Columnist Ron Kantowski: AHL group skates in too late
Thursday, March 6, 2003 | 9:49 a.m.
Ron Kantowski's insider notes column appears Tuesday and his Page One column appears Thursday. He can be reached at ron@lasvegassun.com or (702) 259-4088.
In hockey, too many men on the ice is usually a minor penalty, punishable by two minutes in the penalty box.
In Las Vegas, those words have a different connotation. They can only mean that no matter how many times it has been said or written that this city will be hard-pressed to support one minor-league hockey team, somebody gets the bright idea that we're ready for two.
This fall, the expansion Las Vegas Wranglers of the expanded East Coast Hockey League will drop the puck at the new Orleans Arena, as pro hockey -- after months of tedious negotiations that made the Louisiana Purchase seem like a swap meet transaction -- returns to Las Vegas.
But now the Sun has learned that a new group of investors would like to place an American Hockey League franchise in Las Vegas -- at a downtown arena that doesn't exist -- that would serve as the top farm club for the NHL's Phoenix Coyotes.
Their timing couldn't be worse if they tossed a wristwatch purchased on a Tijuana street corner under the rear wheels of a Zamboni. On the very day a representative for the hockey investors confirmed interest in Las Vegas, Mayor Oscar Goodman was in Cleveland Wednesday, trying to lure the Cleveland Clinic to town.

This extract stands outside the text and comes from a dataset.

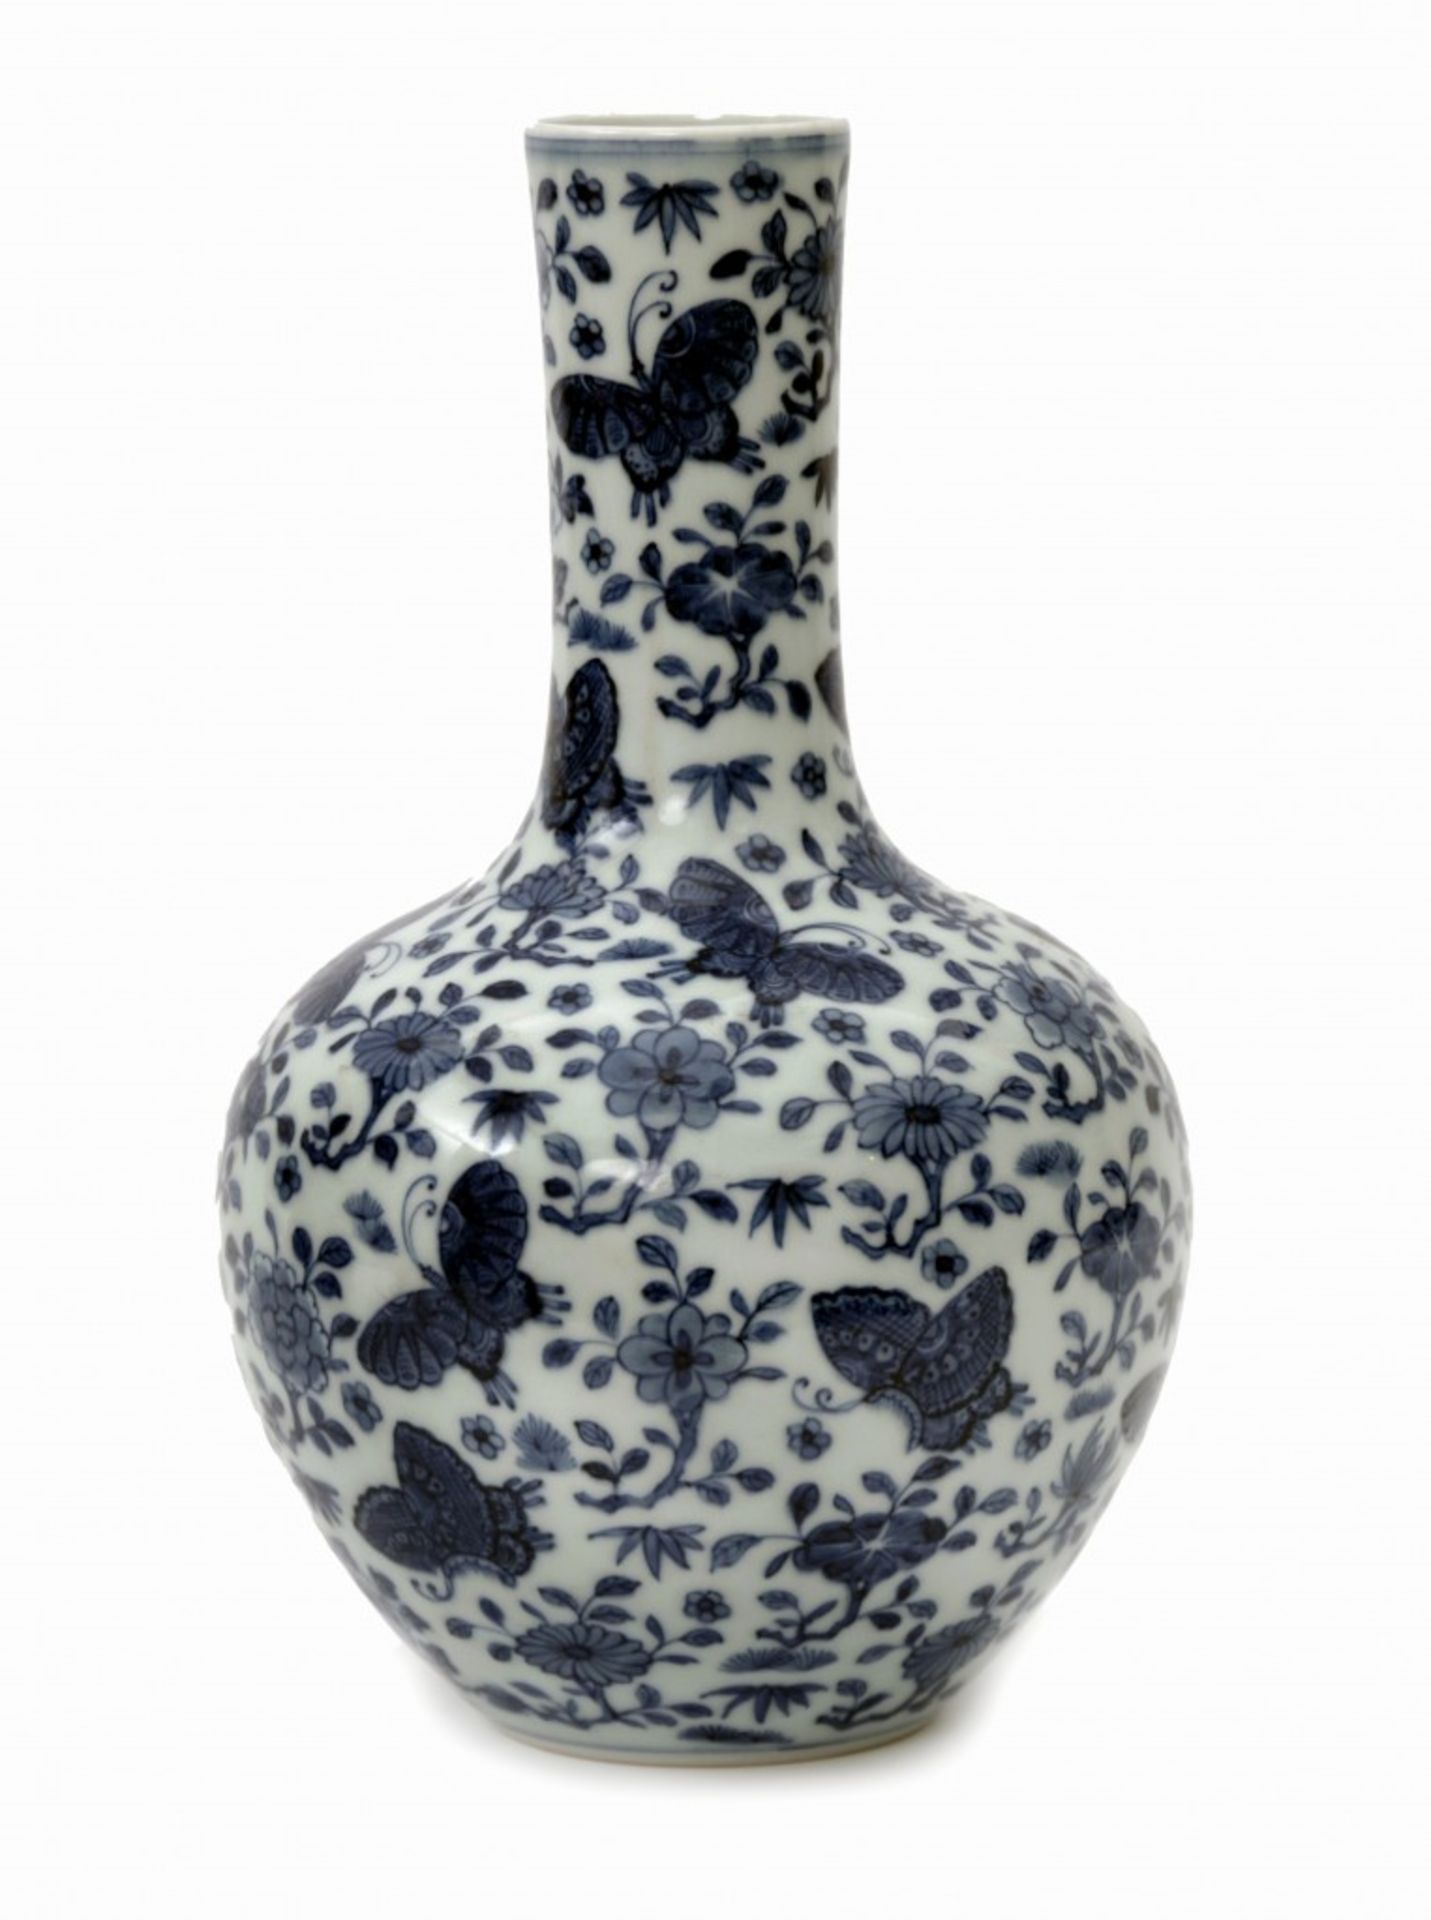 A Narrow Necked Vase with Decoration of Butterflies and Flowers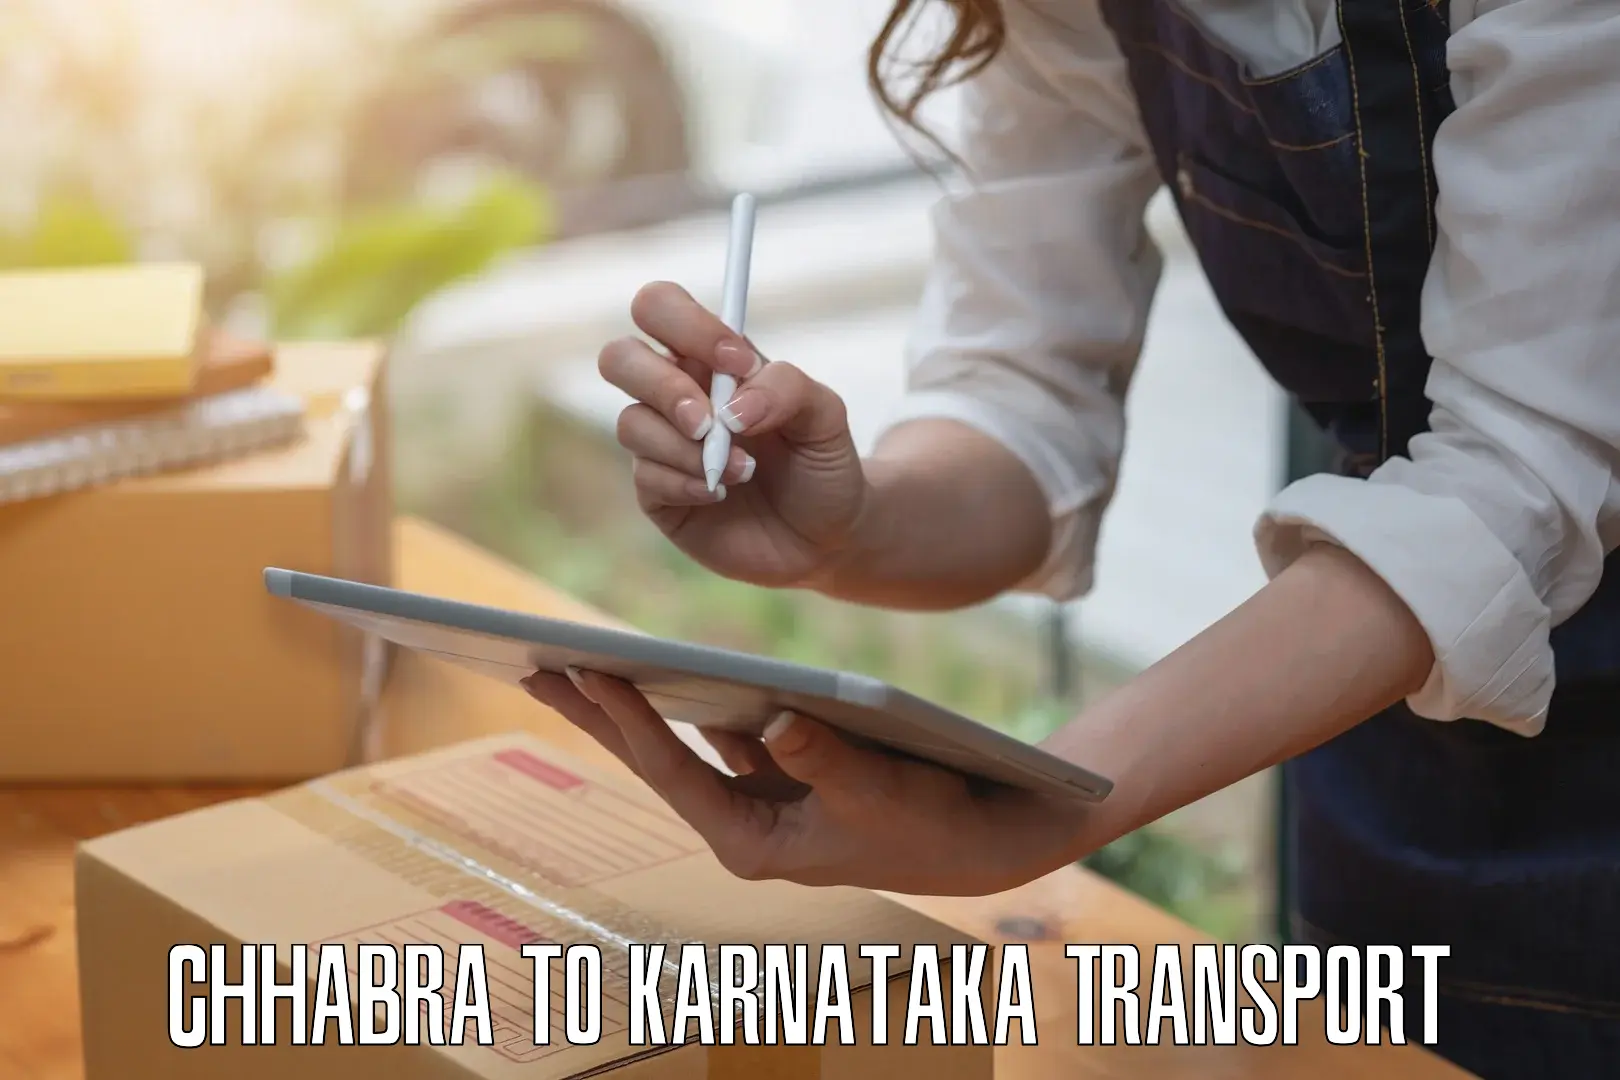 All India transport service in Chhabra to Bangalore

The Cleveland Clinic is not an expansion team in the Federal League. It's a medical facility that is bigger than General Hospital, Chicago Hope and E.R. all put together. Unfortunately for the hockey guys, it would be built between the blue lines of the since scuttled hockey arena, as per the mayor's wishes.
"For lack of a better word, call me a broker," said Cary Kaplan, a former executive with the AHL's Hamilton Bulldogs, who is representing this new group of investors.
For lack of a better word, I'll call him a dreamer instead.
It's not that putting an AHL team is Las Vegas is such a bad idea. It's just a bad idea now. Six months ago, if Kaplan could have put all his pucks in a row, he probably could have worked a long-term lease with the Orleans.
The Wranglers, thinking the downtown arena would evolve into something more than a figment of the mayor's imagination, were reluctant to turn their back on him, even long after the Orleans broke ground on its state-of-the-art hockey palace.
Kaplan said he hasn't spoken to the mayor, but others within the city infrastructure have told him the arena could still be built, given the right circumstances.
"I'm here to see if that is possible," said Kaplan, who is working on a tight 90-day timeline to pull the deal together. "No, I haven't talked to the people relative to the downtown project. But the concept makes a lot of sense. It would be great for business (downtown). A hockey franchise would be the ideal anchor tenant and I have had a lot of people from a lot of different groups tell me they think this would work."
Well, here's a person not affiliated with any group who says it won't, principally because there are too many obstacles to overcome in such a short period of time.
Considering myself something of a hockey purist, I'd rather watch future Phoenix Coyotes polish their skills rather than past Charlestown Chiefs polish their brass knuckles.
But there's already a man in our crease, and the Wranglers are it.